Edit: I double checked and the poster is on sh.itjust.works, it was just a portion of the commenters (including the big comment that got highlighted here) that’re on .world
Yeah, look at the OP here: https://lemmy.world/comment/12777548
Emphasis mine:
“Tankies turn giddy over the radicalisation of a child. Already, the child is denying genocide, praising stalin, racist and celebrating violence”
and you think you can just condesendingly harp on about how i’ve been brainwashed? seeing hexbear made me decide to take a second look at my worldview, and really research who i was, what i believed, and what i stood for. If you think you can reduce that to me being brainwashed, you can go to hell.
Ironically you’re experiencing a very old slander here comrade. The term “brainwashing” originated to explain the behavior of downed US pilots during the Korean Genocide. It turns out that once those shot-down American pilots actually met the people they had been killing and found out they weren’t what they had been told, they tended to change their tune about the war. They had to be discredited somehow, so it was decided that the tiny rural nation of Korea possessed scary oriental mind-altering techniques that they were using on POWs to make them anti-war.
Pretty similar story to “Stockhopm Syndrome” actually, and the discrediting of returned “israeli” prisoners who had good things to say about Hamas. Any non-sanctioned accounting of the facts that refutes core propaganda narratives must be pathologized. Right now you’re being given the immune system treatment by hegemonic cultural liberalism. That’s good, that means it perceives you as a threat.
Minor quibbling for the sake of post engagement clarity: The term “brainwash” is a literal translation of a term coined by Mao, itself a pun on a ritualistic “heartwashing” that was customary to spiritually “clean” yourself (before? after?) entering a temple. Mao was using it as basically a jocular way to refer to political reeducation. The literal translation itself was first produced by some niche orientalist author who was making theories about chicom mind control powers. It was then adopted by the establishment after those soldiers in the Korean War were, in fact, rehabilitated by China* and renounced the war, confessed to using chemical and biological weapons (which never happened according to the notoriously honest US State Department), and in some cases even fully refusing to be brought back to America, instead choosing to live in the PRC or DPRK.

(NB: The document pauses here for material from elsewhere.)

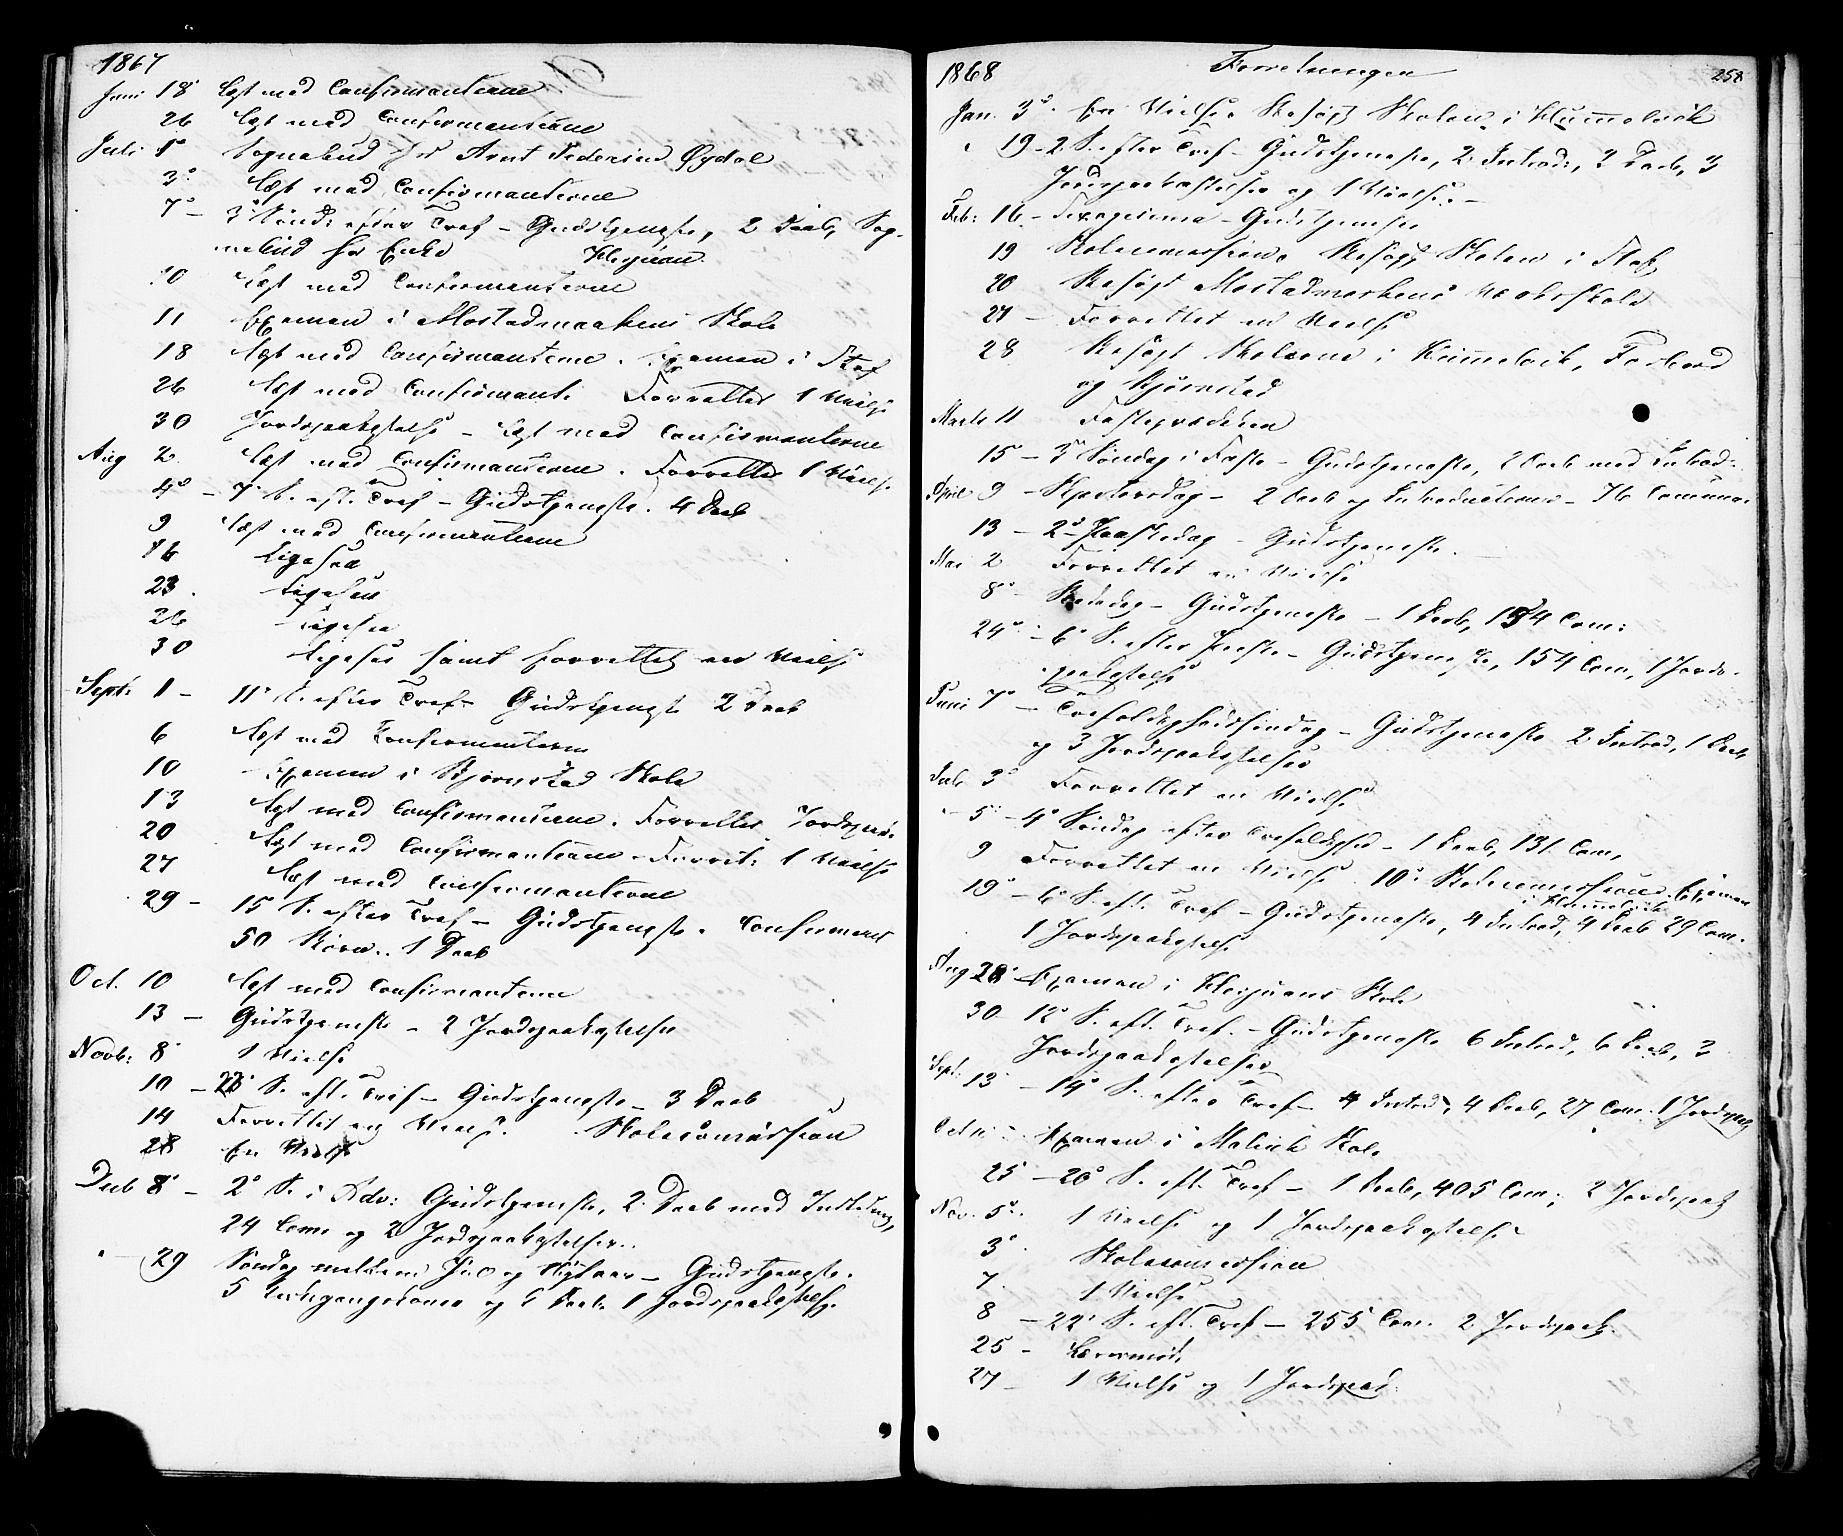 SAT, Ministerialprotokoller, klokkerbøker og fødselsregistre - Sør-Trøndelag, 616/L0409: Ministerialbok nr. 616A06, 1865-1877, s. 258

Another “fun” one is “Ostalgie,” a German portmanteau of “Ost” (east) and “Nostalgie” (nostalgia), which is the way that German popular culture characterizes the feelings of the former East Germans who preferred East Germany. It’s another instance of pathologizing popular sentiments by treating them as some bizarre and peculiar psychological phenomenon rather than accepting that people have reason to think what they think.
*I think it was mostly by China, since China had a pretty dominant role late in the war, but that’s not to say there was no Korean involvement or that every case with every supposedly-brainwashed prisoner was the same.
I was not radicalized by Hexbear. I was radicalized by living in the United States of America. By doing my civic duty for 14 years, voting in every election, going to every protest and demonstration I can practically attend, writing letters to my representatives and signing petitions, all for naught. I helped make this place what it is today because my efforts on conventional platforms were met with state censorship.